Am 20. März 1969 heiraten sie in Gibraltar. Während der Flitterwochen sitzen sie eine Woche in ihrem Hotelbett und erklären die Aktion zum "Bed-in for peace" - es ist die Hoch-Zeit der Friedensbewegung. Zusammen versuchen sie mit der Plastic Ono Band eine Mischung aus Rock- und Experimentalmusik, die Single "Give Peace a Chance" (1969) wird zur Pazifistenhymne. Kurz darauf gehen die Beatles endgültig auseinander.

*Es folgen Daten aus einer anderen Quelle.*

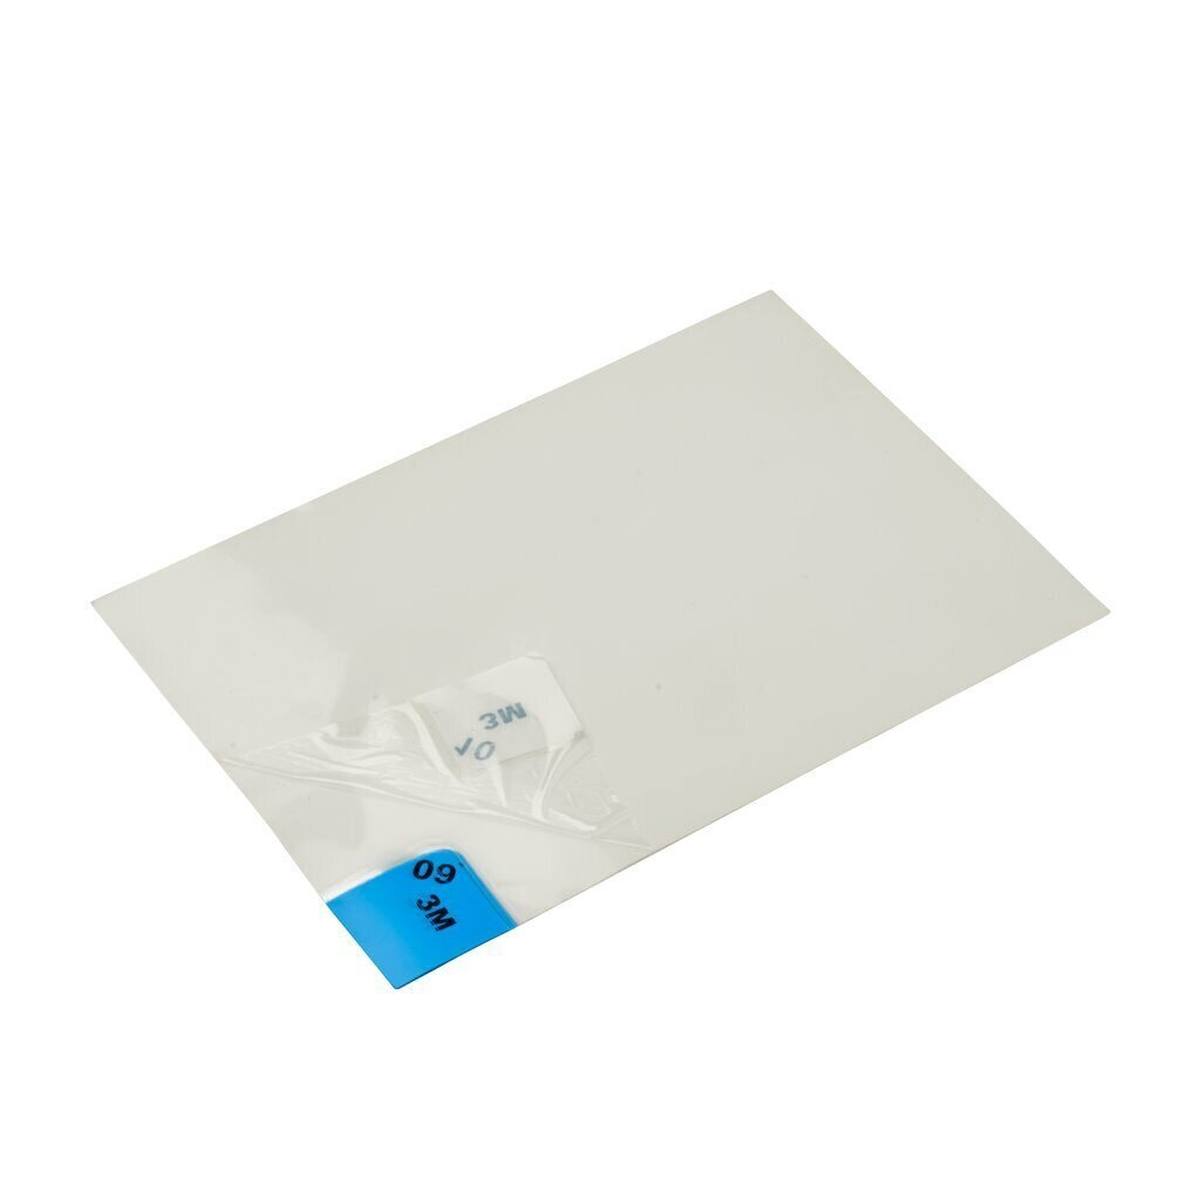 3M 4300 Nomad Feinstaub Adhäsivmatte, weiß, 1,15m x 0,45m, 40Stück transparent Polyethylen-Schichten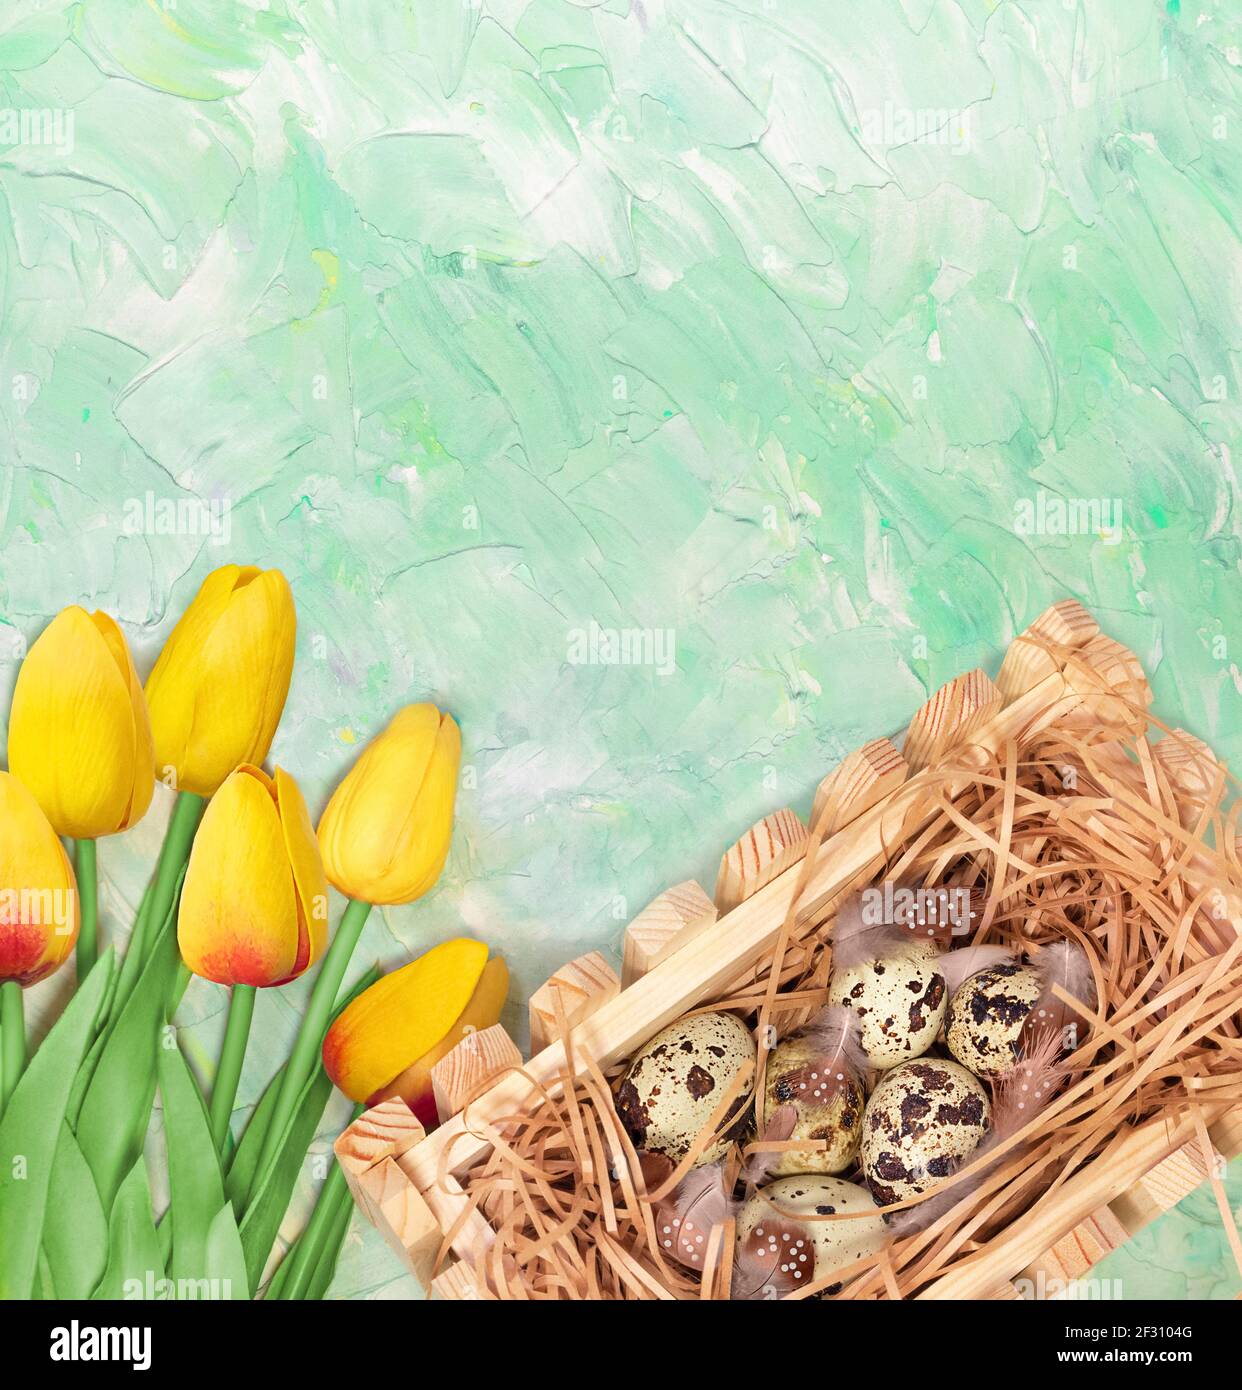 Bouquet de tulipes jaunes et nid avec œufs de caille sur fond vert menthe. Carte postale pour Pâques ou le printemps. Copier l'espace Banque D'Images

Am schönsten beschwört Lennon die Liebe zu seiner sieben Jahre älteren Frau in der "Ballade von John & Yoko". Aber die Beziehung bekommt Brüche. Nach einer zweijährigen Trennung sorgt erst die Geburt des gemeinsamen Sohnes Sean 1975 für neues Familiengefühl: Lennon macht den Hausmann, sie organisiert und dirigiert sein Imperium - bis heute mit großem Erfolg. Yoko Ono ist steinreich. Sie sei "die berühmteste unbekannte Künstlerin der Welt", sagte John Lennon einmal. "Jeder kennt ihren Namen, aber keiner weiß, was sie macht." Dabei hatte sich Ono schon lange vor der Beziehung mit dem britischen Pilzkopf als avantgardistische Konzeptkünstlerin in New York etabliert.

1962 etwa inszenierte sie "Wall Piece for Orchestra", wo sie zu Musik-Klängen kontinuierlich den Kopf auf die Bühne schlägt. In dem Film "Bottoms" zeigte sie 1966 als "Petition gegen den Vietnamkrieg" 80 Minuten lang 365 nackte Hintern. Und zur Jahrtausendwende sollte ein mit 4000 Gewehrschüssen durchlöcherter Güterwaggon "Freight Train" in Berlin an ein "Millennium der Gewalt" erinnern. Ans Aufgeben denkt die umtriebige Aktivistin noch nicht so schnell. "Wenn man nicht darüber nachdenkt, wie alt man ist, wird man nicht alt."